* [How to complete this task]
Only reproduce the lines from the line containing "Vintage Inspired Rose" onward, exactly, through the final line of the data below.

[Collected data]
######
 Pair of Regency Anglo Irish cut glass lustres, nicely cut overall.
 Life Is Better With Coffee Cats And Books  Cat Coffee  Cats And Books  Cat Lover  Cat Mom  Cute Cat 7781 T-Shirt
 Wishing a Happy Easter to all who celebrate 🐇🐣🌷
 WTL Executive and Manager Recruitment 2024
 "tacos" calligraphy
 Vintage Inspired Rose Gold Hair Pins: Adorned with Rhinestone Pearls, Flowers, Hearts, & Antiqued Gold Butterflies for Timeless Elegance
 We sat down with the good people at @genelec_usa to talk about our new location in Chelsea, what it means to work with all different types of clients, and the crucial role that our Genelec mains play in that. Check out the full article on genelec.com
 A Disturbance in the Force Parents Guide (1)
######
* [Result of this task]
 Vintage Inspired Rose Gold Hair Pins: Adorned with Rhinestone Pearls, Flowers, Hearts, & Antiqued Gold Butterflies for Timeless Elegance
 We sat down with the good people at @genelec_usa to talk about our new location in Chelsea, what it means to work with all different types of clients, and the crucial role that our Genelec mains play in that. Check out the full article on genelec.com
 A Disturbance in the Force Parents Guide (1)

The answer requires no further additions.